Тибо дошел пешком до Зеленого моста, там дождался трамвая, и, едва забравшись на площадку, положил свой узел в багажное отделение. Большим усилием воли он заставил себя всю поездку не глядеть в его сторону, а сходя с трамвая, поднял его с самым что ни на есть невозмутимым видом.
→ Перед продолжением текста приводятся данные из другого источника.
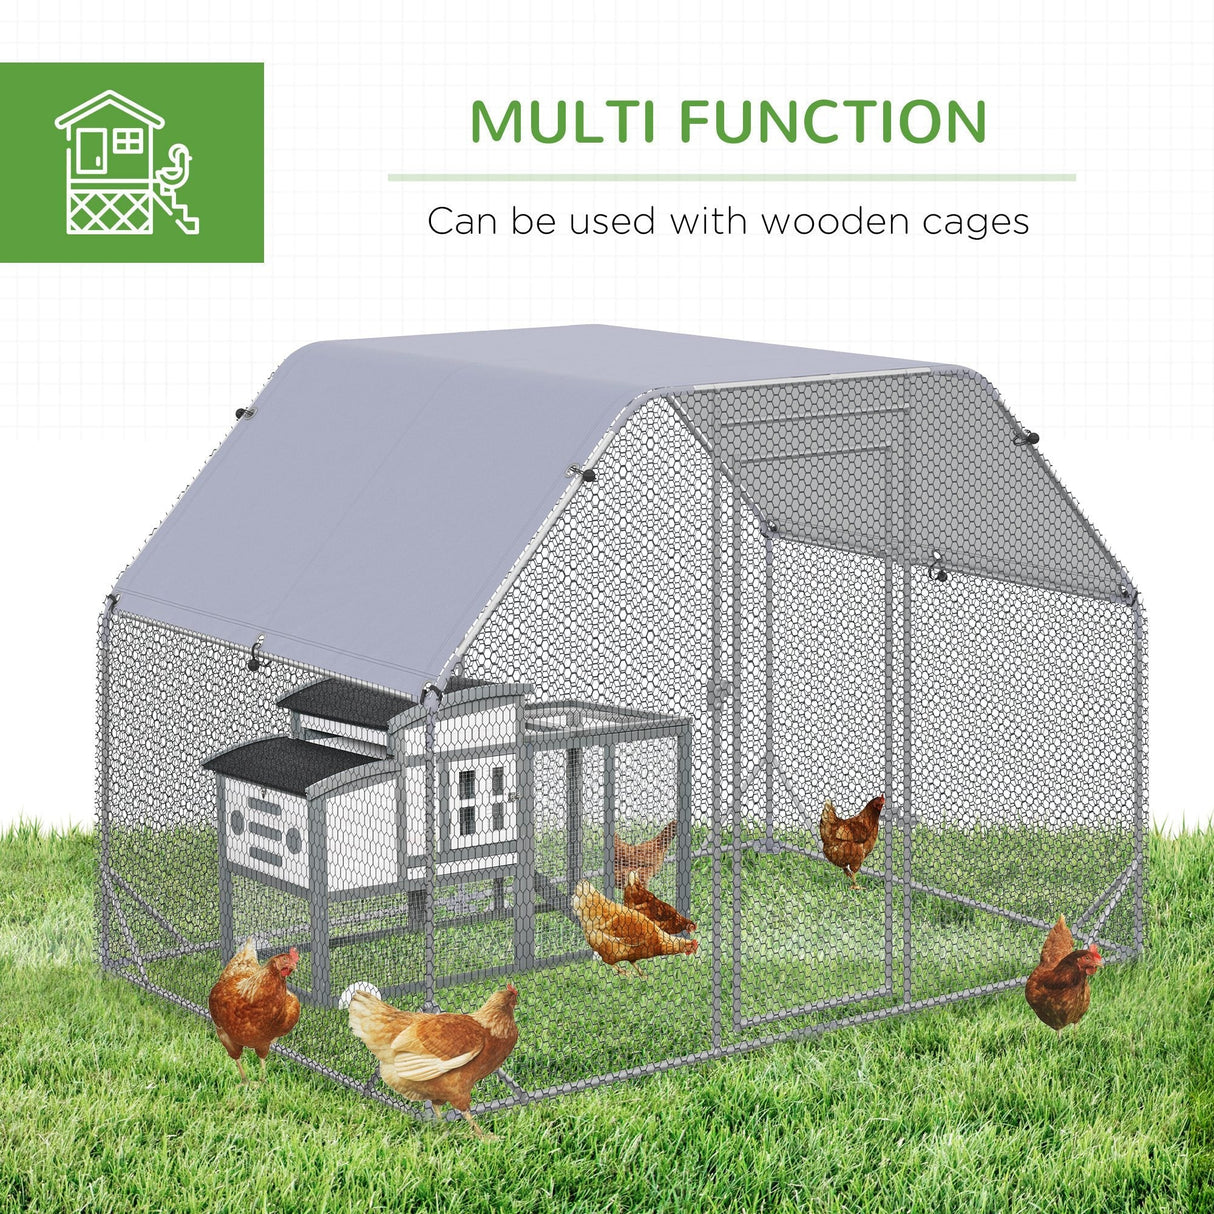 Spacious Chicken Run with Roof for 4-6 Birds - Walk In, PawHut,

Войдя в Ратушу, он подошел к закутку Петера Ставо, держа узел у самого пола, чтобы Петеру его не было видно, и сказал:
— Извиняюсь, пришлось задержаться немного дольше, чем планировал.
Потом Тибо поднялся по лестнице, открыл дверь и громко объявил:
— Я принес ваши вещи!
Однако Агаты нигде не было видно. Тибо пришлось обойти оба кабинета, зовя ее по имени, прежде чем он обнаружил ее лежащей под его столом.
— Мне показалось, тут будет лучше всего, — пояснила Агата.
Тибо только хмыкнул.
— Я был на Приканальной улице.
Агата слушала его лежа, открыв рот, высунув язык и склонив голову набок. Тибо притворился, что не замечает этого.
— Я был на Приканальной улице, но вы туда не вернетесь. Вы будете жить у меня.
— Именно этого мне всегда и хотелось, Тибо.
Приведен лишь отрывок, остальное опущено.